◆ **Activity**
Repeat the entire listing exactly. Omit all pictures.

◆ **Dataset excerpt**
= = = =

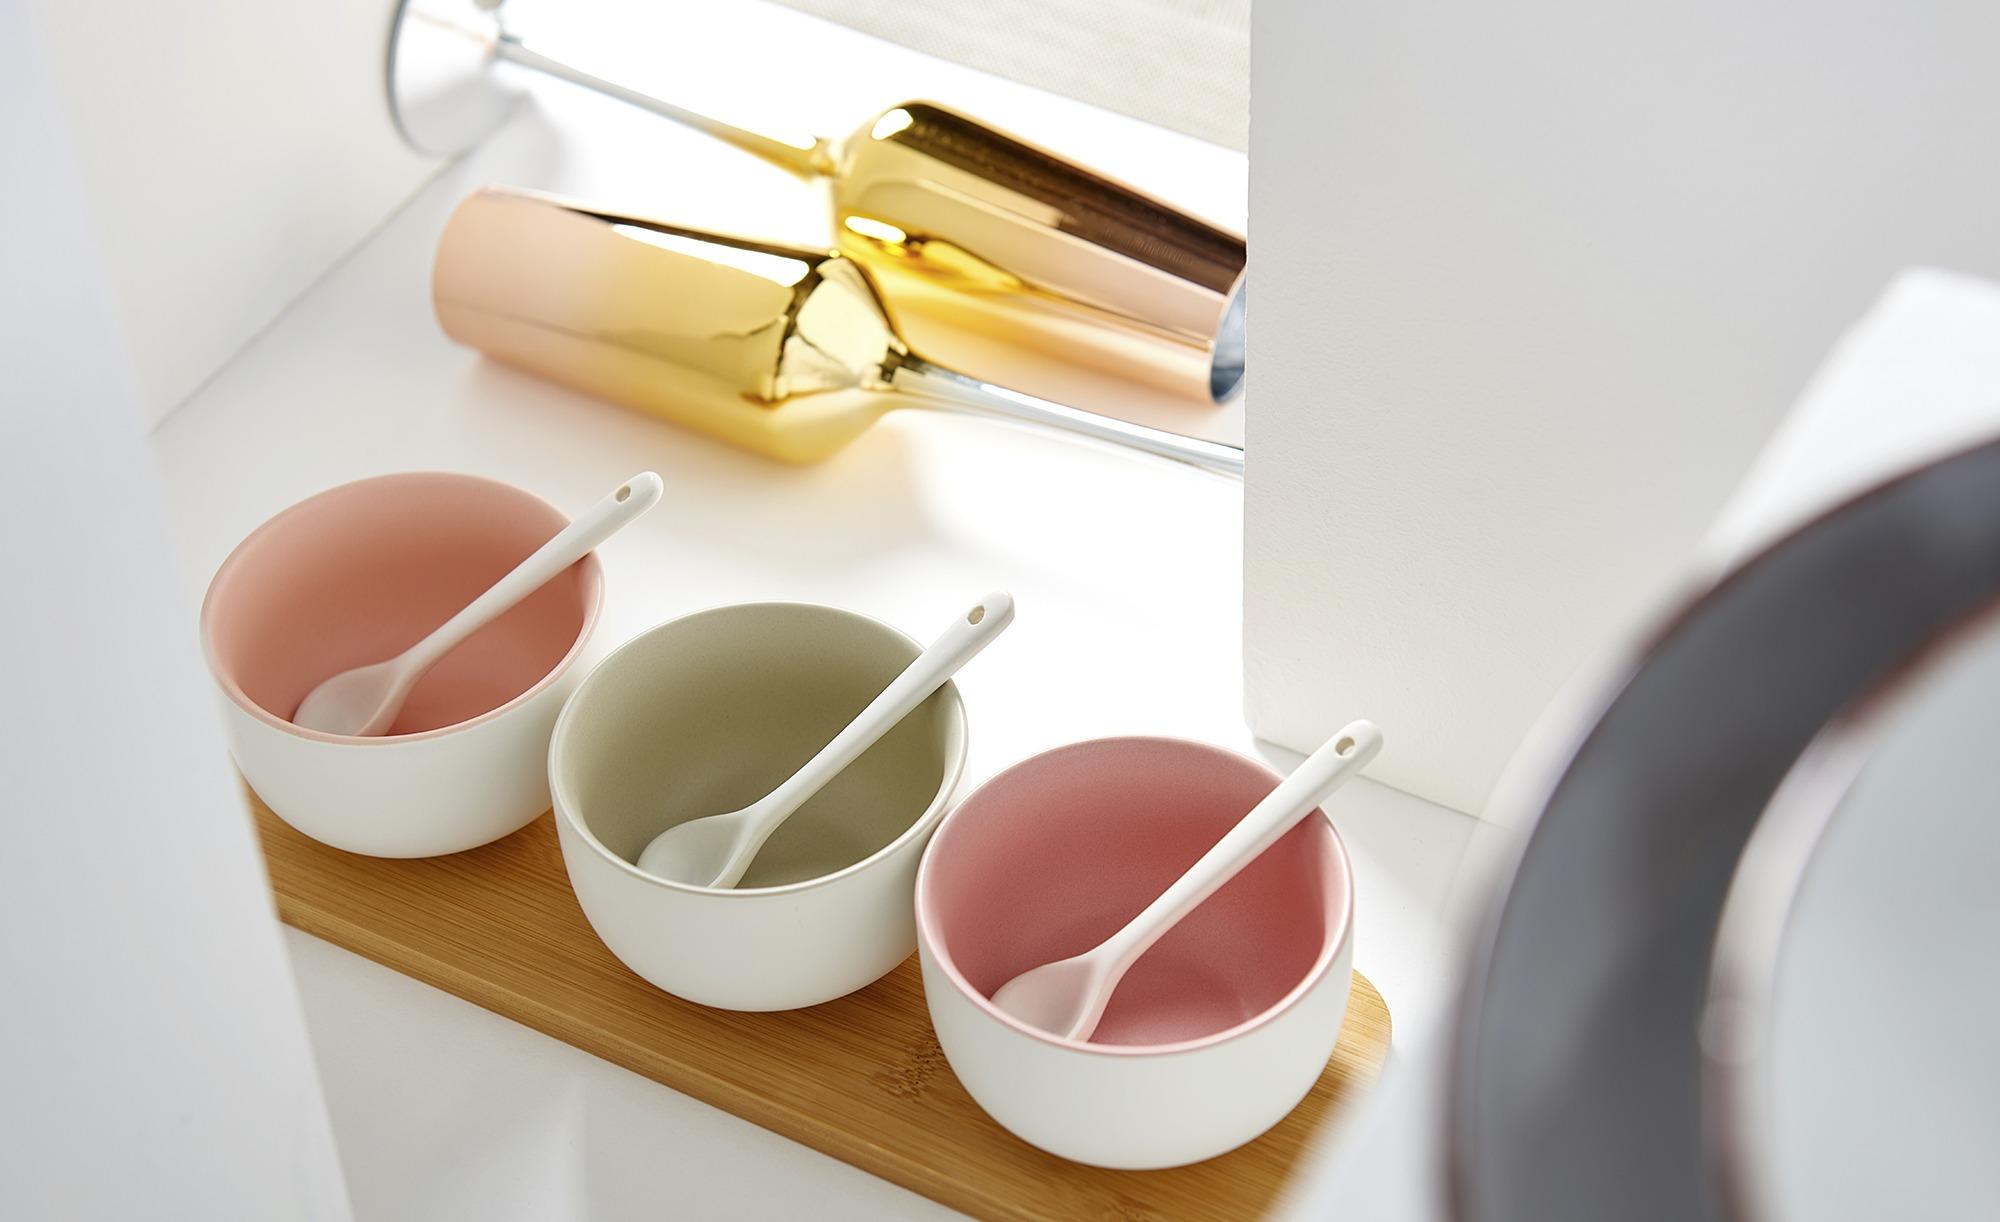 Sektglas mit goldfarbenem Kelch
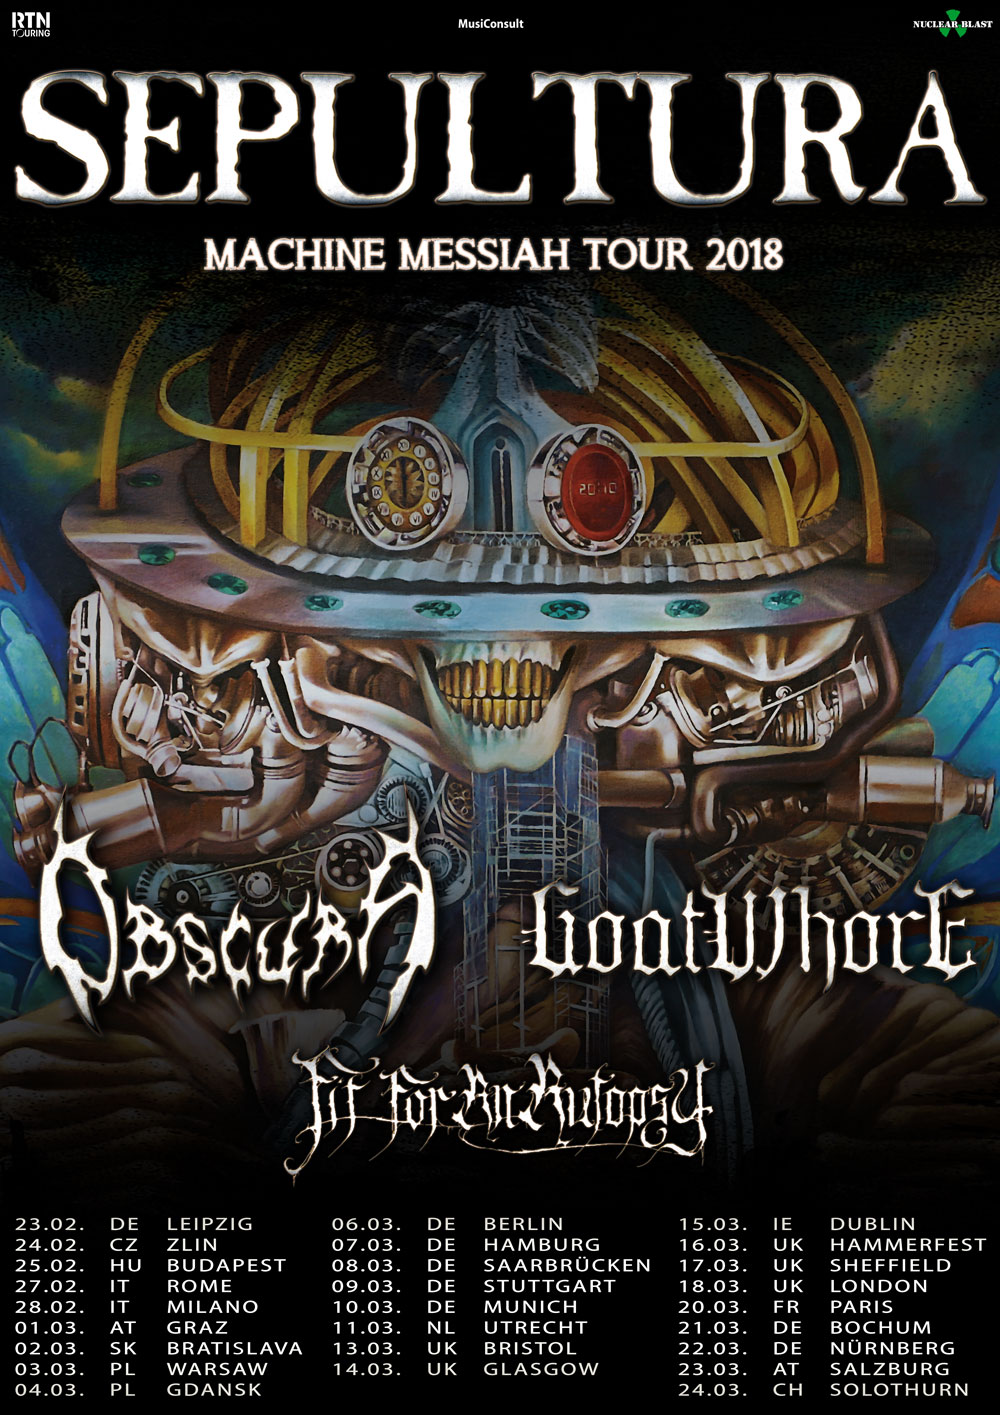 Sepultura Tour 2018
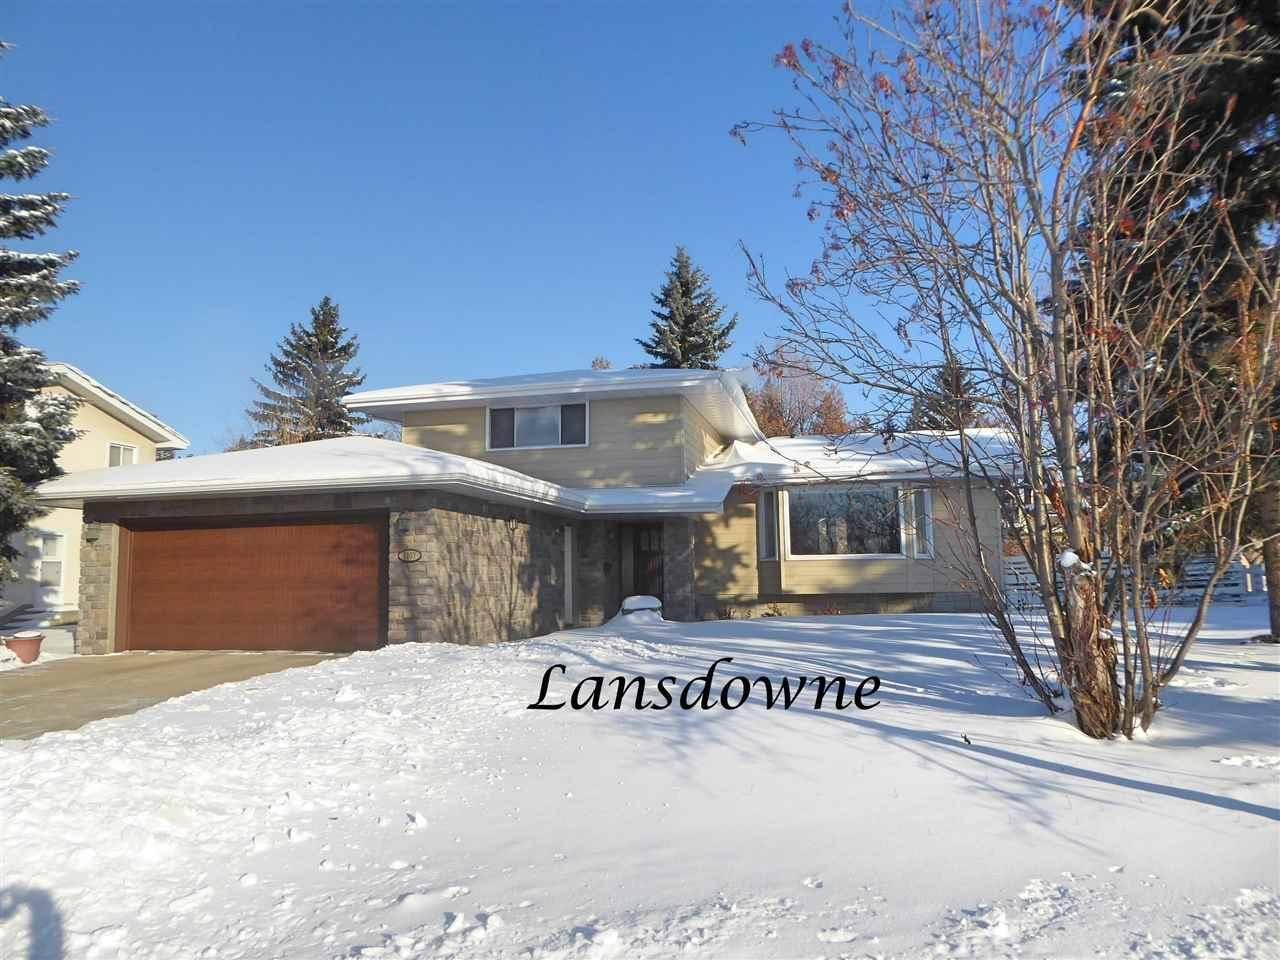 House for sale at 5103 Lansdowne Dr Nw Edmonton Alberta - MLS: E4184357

= = = =

◆ **Completed task**
 Sektglas mit goldfarbenem Kelch
 Sepultura Tour 2018
 House for sale at 5103 Lansdowne Dr Nw Edmonton Alberta - MLS: E4184357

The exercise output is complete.